How to Increase a Credit Score at Experian

Raising your Experian score can help you get a lower mortgage interest rate.
Raising your Experian score can help you get a lower mortgage interest rate. (Image: Purestock/Purestock/Getty Images)

Your credit score as calculated by Experian helps determine whether you qualify for auto loans, mortgages and credit cards. Credit scores range from 300 to 850, and you need a score over 700 for the best access to credit. Fortunately, you can raise an Experian score that's too low with responsible credit management over time. Although each case is different, Experian makes several recommendations on how to increase your score.

Keep an Eye on Due Dates

On-time payment of all your bills is the No. 1 factor in a good credit score, according to Experian.

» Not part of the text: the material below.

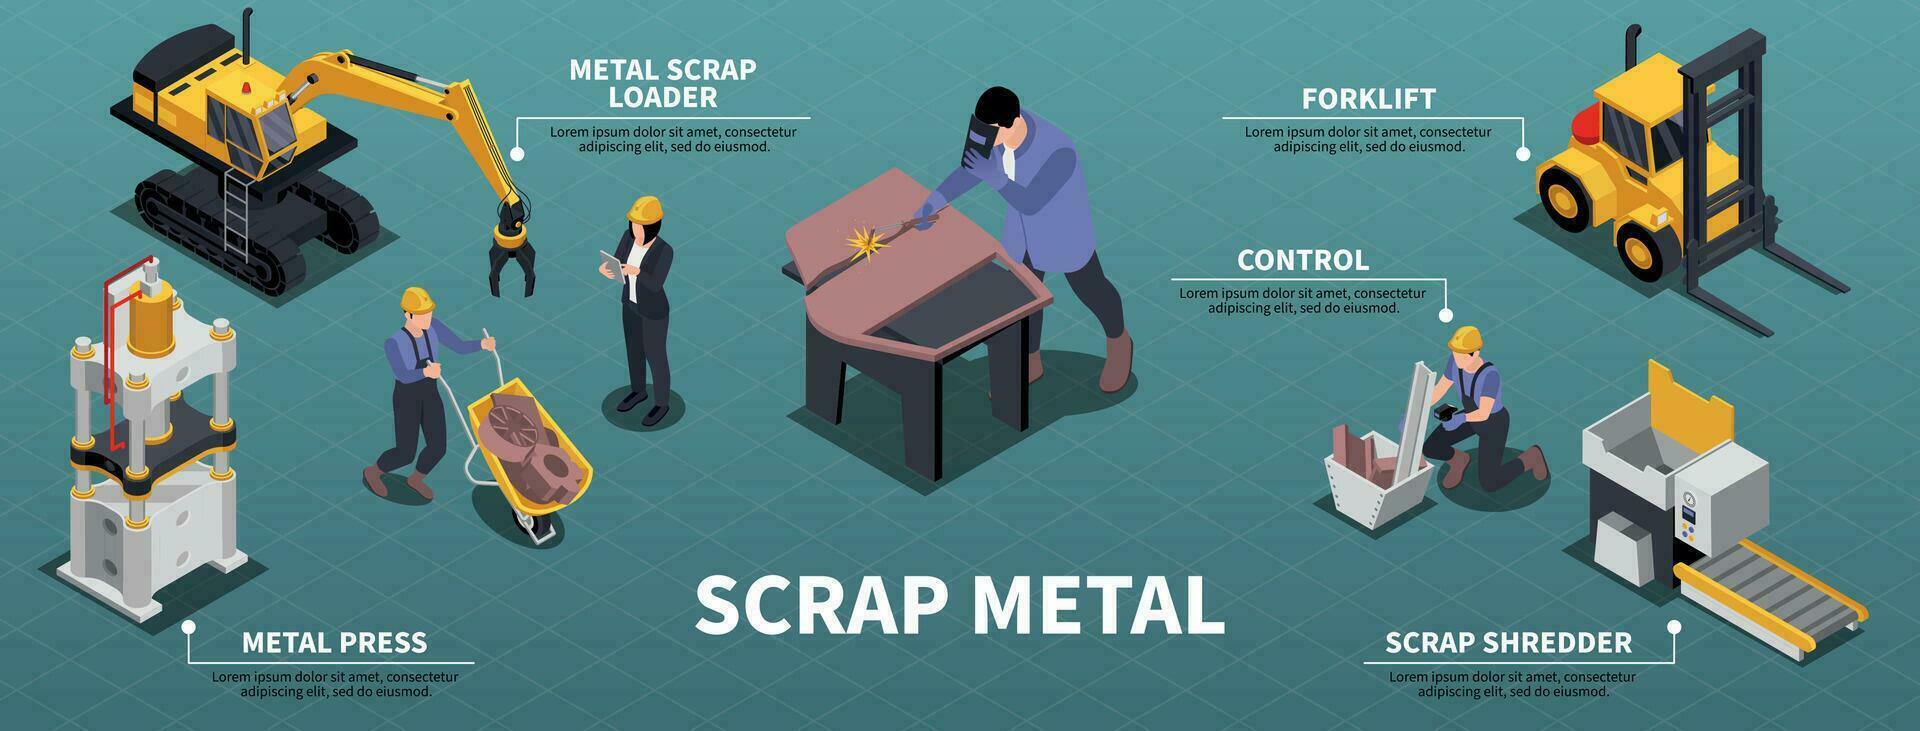 Scrap Metal Infographic Set vector
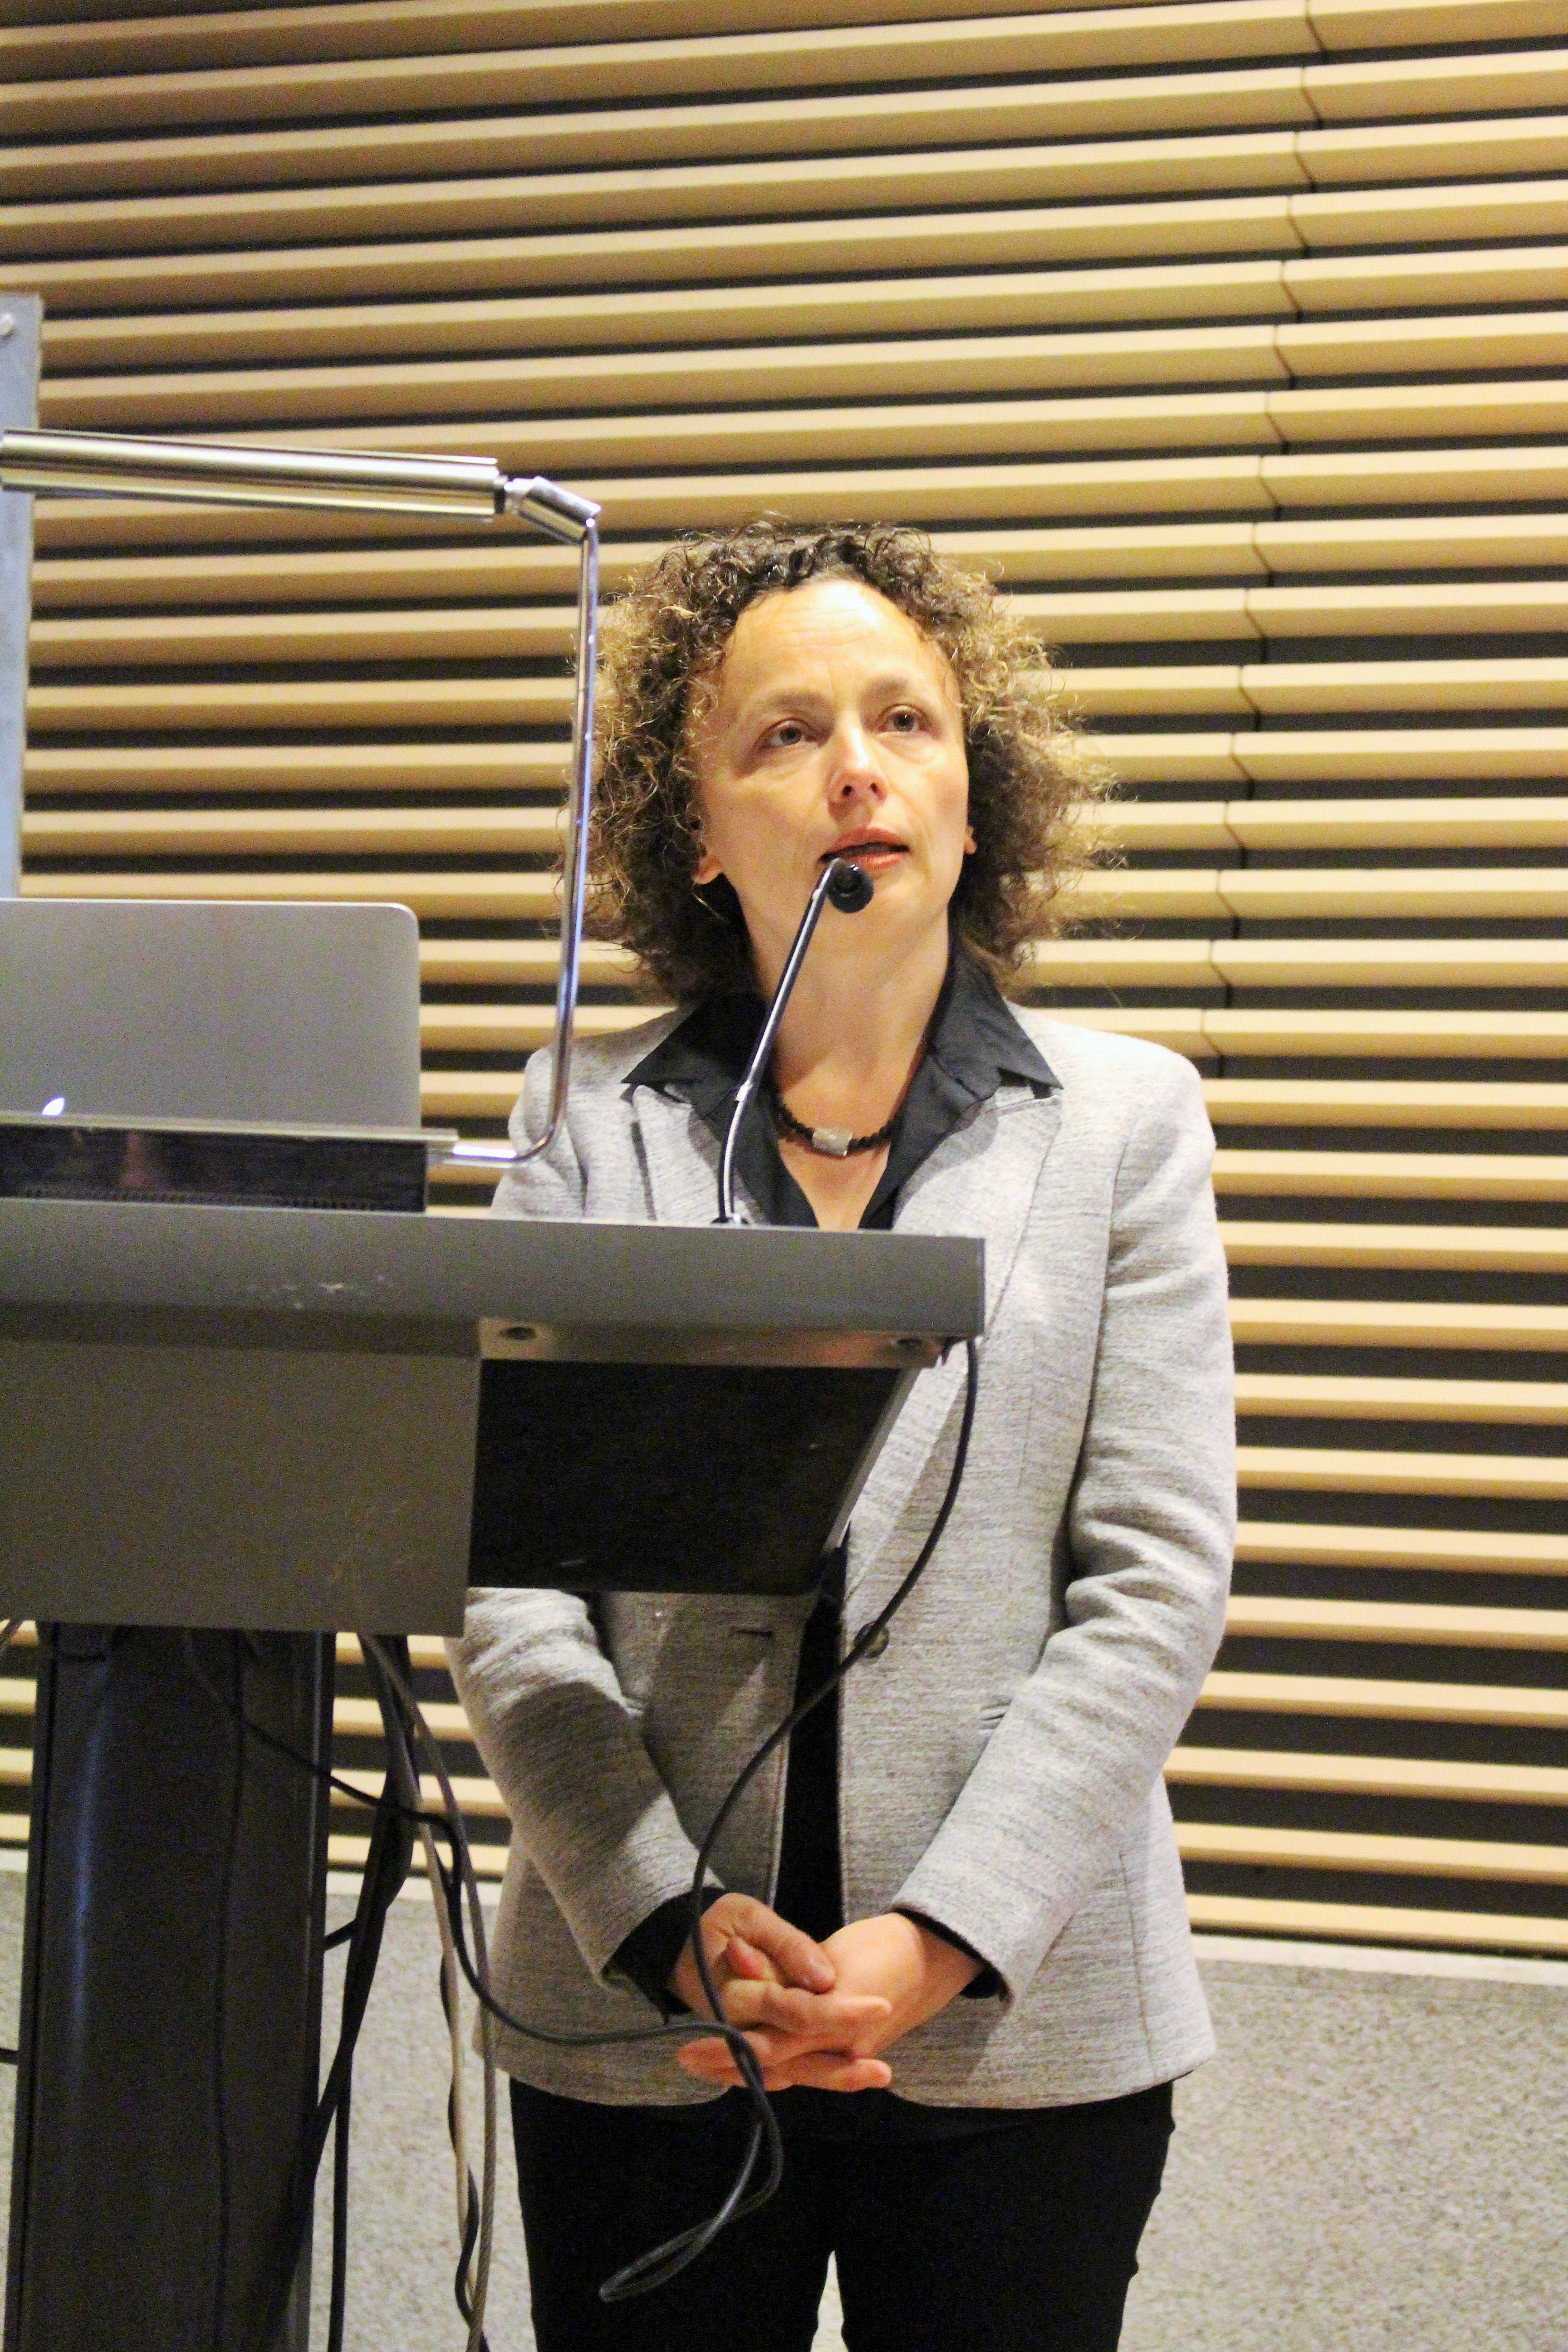 Dr. Kathrin Winkler, Leiterin der DFG Lateinamerika, begrüßt das Publikum

In general, 35 percent of your score is based on payment history. Debt totals count for 30 percent, and length of history counts for 15 percent. New credit and types of credit count for 10 percent each. Late payments -- or worse yet, letting bills go into collections -- hurt your credit and keep your scores low. Don't think only the big bills matter. The effect of late payments is just as harmful with small bills.

Minimize Balances and Total Debt

To improve your scores, keep your outstanding balances low on credit cards and other revolving accounts. Revolving accounts are those that don't have a fixed payoff date and allow you to borrow more while you're making payments.

Also, lower your total amount of unpaid debt. This means you can't shuffle debts around by moving them from one credit card to another. You must actually pay debts down to see a positive effect on your credit score.

Open and Close Accounts Wisely

Experian recommends opening new credit accounts only if you actually need them. Trying to increase the variety or mix of your credit accounts won't help your scores. New applications appear on your credit report and give the impression you want to take on more debt.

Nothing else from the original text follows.